Ощутить, а еще лучше пережить эту разницу между любовью-1 и любовью-2 равносильно примерно тому же, чему в эволюции соответствовал переход от обезьяны к человеку. За иллюстрациями к теме Леонтьев отсылает к писателю Милану Кундере. Этот нобелевский лауреат образно называл любовь-1 механизмом, с помощью которого наш создатель играет нами. Зато любовь-2 принадлежит только нам — с ее помощью мы ускользаем от создателя.
— Подлинная любовь-2, — утверждает Леонтьев, — это возникновение нового качества, когда два индивидуальных «я» образуют общее «мы», не утрачивая своей индивидуальности.
Главный признак любви-2 — это появление некоего общего пространства «мы», в котором понятия «твое» и «мое» отступают на задний план. Вопрос о том, кому мыть посуду или выгуливать собаку, решается даже не путем переговоров, а «в рабочем порядке» — кто оказался ближе, потому что ресурсы семьи и бонусы совместной жизни образуют общую копилку, не делятся. Это так просто, так естественно. Хотя прийти к этому очень нелегко.
Леонтьев снова обращается к классику. На этот раз к знаменитому психологу Абрахаму Маслоу. Тот разделил все наши поведенческие мотивы на две категории: дефицитарные, когда нас неудержимо влечет к чему-то такому, чего нам не хватает, и мотивы роста, суть которых не в заполнении пустоты, а в открытии новых возможностей.

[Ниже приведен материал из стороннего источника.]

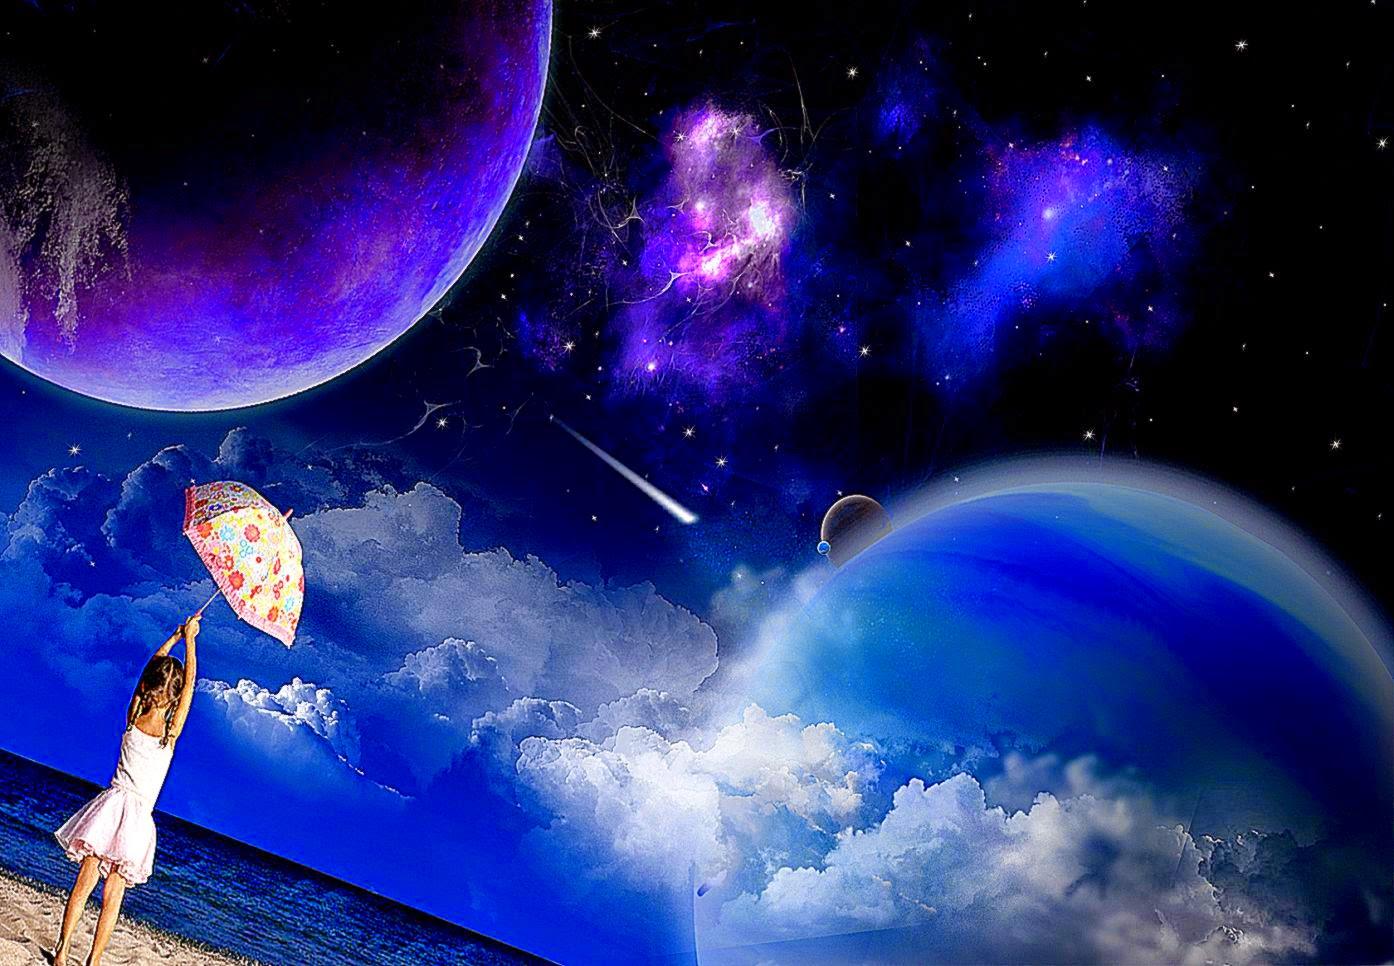 3d Space Background Wallpaper: 3D Art Space Wallpapers Hd Desktop

— Если вам не хватает в жизни тепла, — говорит Леонтьев, — вы, скорее всего, испытаете дефицитарную любовь, то есть любовь-1. В ней другой человек выступает как объект желания. В любви-2 все совсем не так: «Я не хочу, чтобы человек подчинился моему давлению и отдался, но я хочу, чтобы он захотел это сделать».

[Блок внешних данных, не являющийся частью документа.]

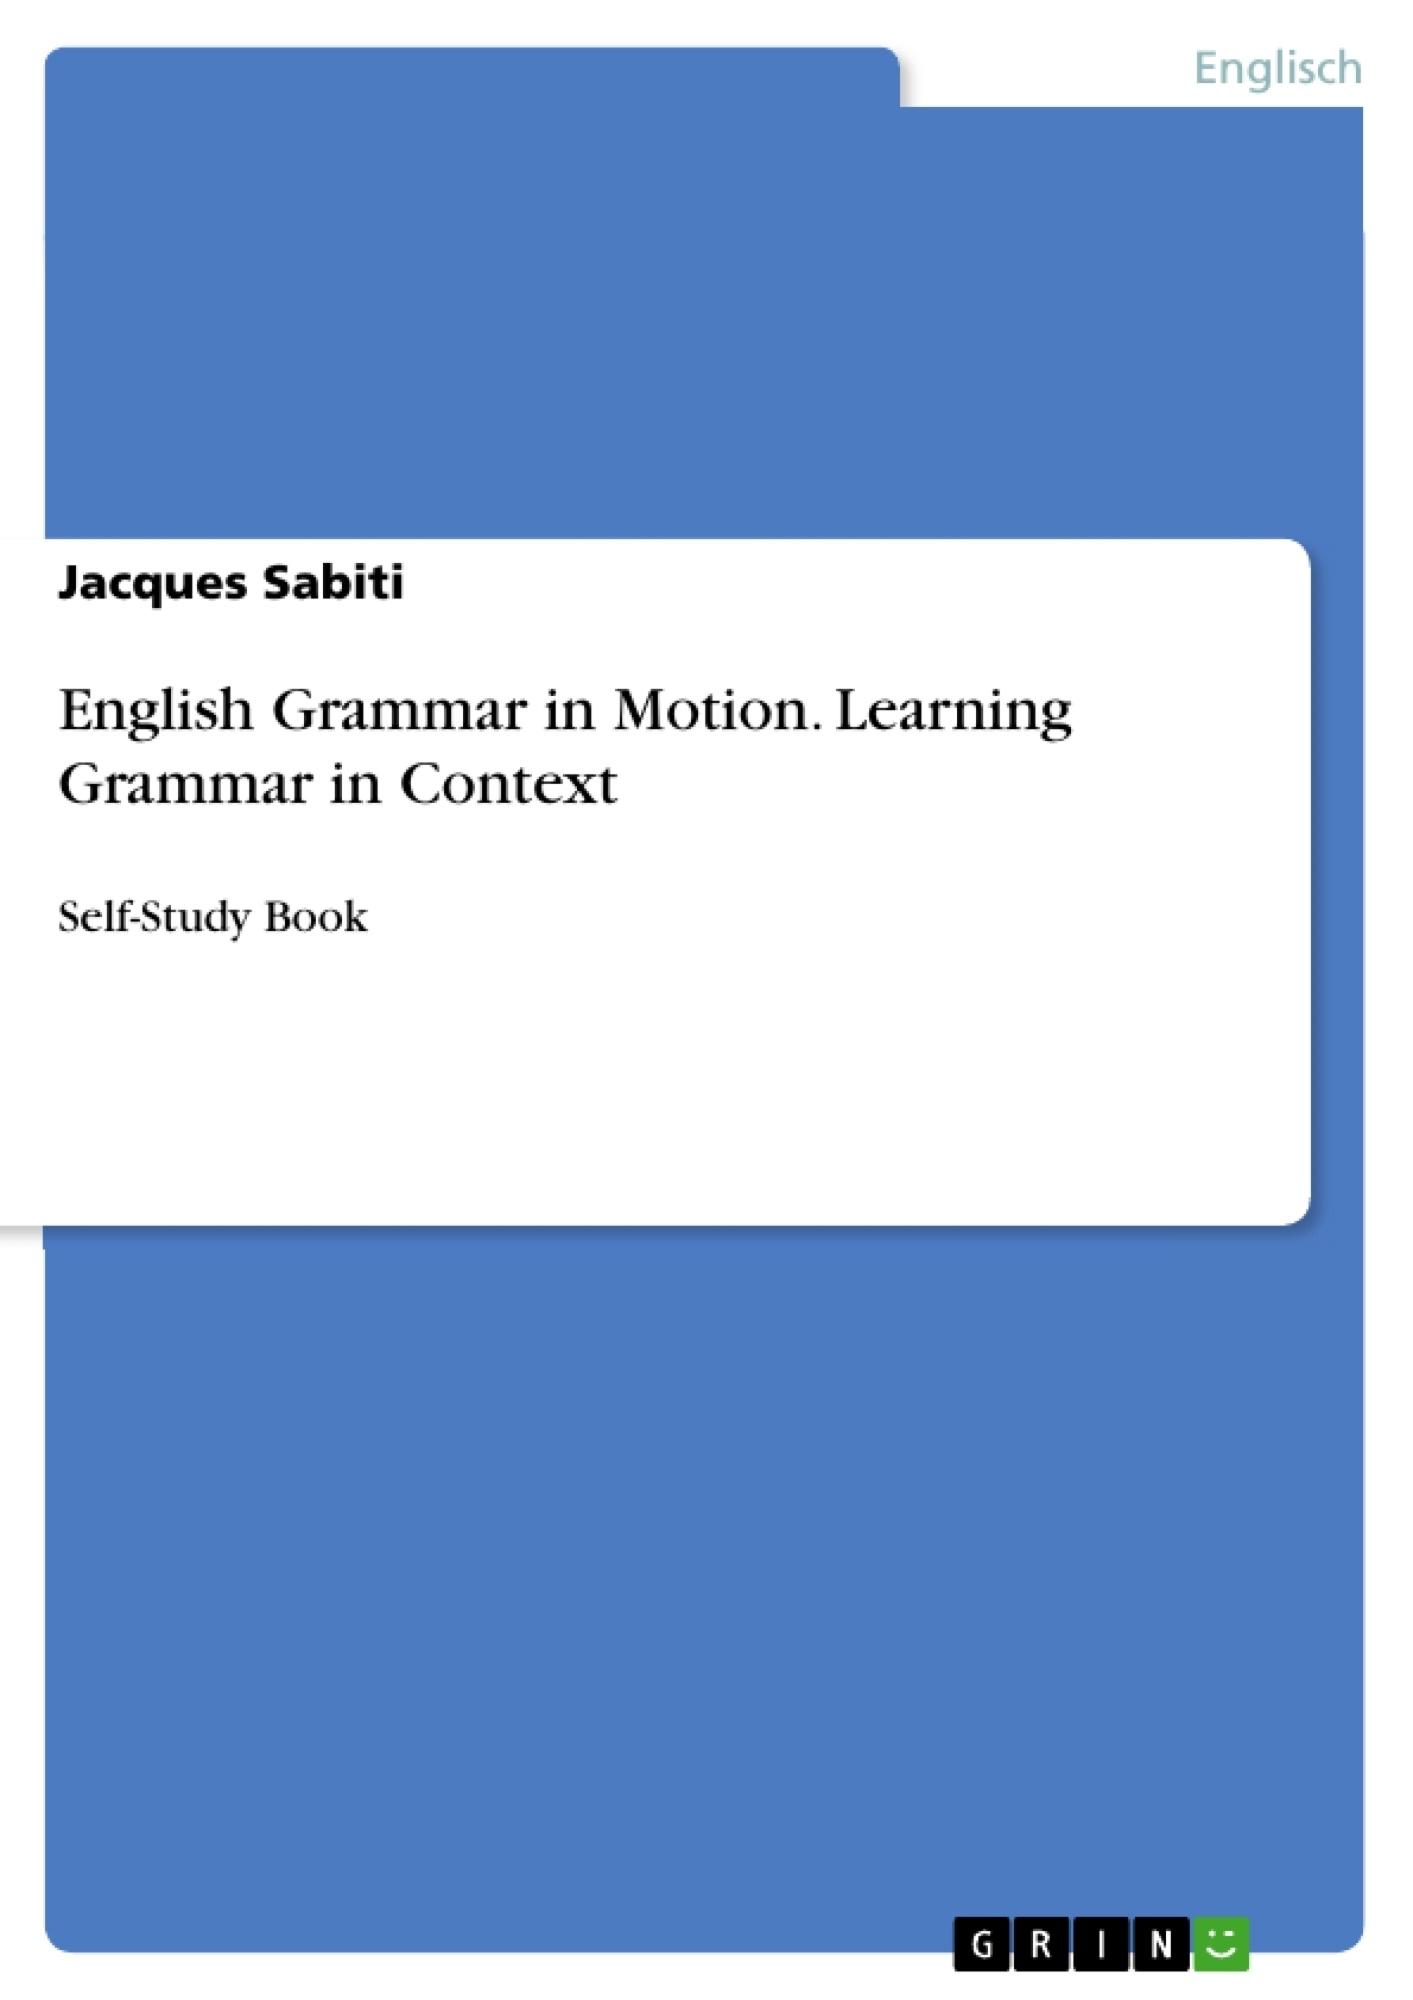 Titel: English Grammar in Motion. Learning Grammar in Context

— Оказывается, — подводит итог Леонтьев, — любовь-2, в отличие от дефицитарной любви, привязанности или страсти, не суживает горизонты, а расширяет. В обмен на усилия она открывает безграничное количество возможностей.
Культурология
Любовь — это основа бытия
Вроде бы любовь относится к числу культурных универсалий. О любви спорили древние греки, ради нее совершали подвиги средневековые рыцари, из-за нее и сегодня кончают с собой подмосковные школьницы. Но каждая культура вкладывает в слово «любовь» самые разные смыслы.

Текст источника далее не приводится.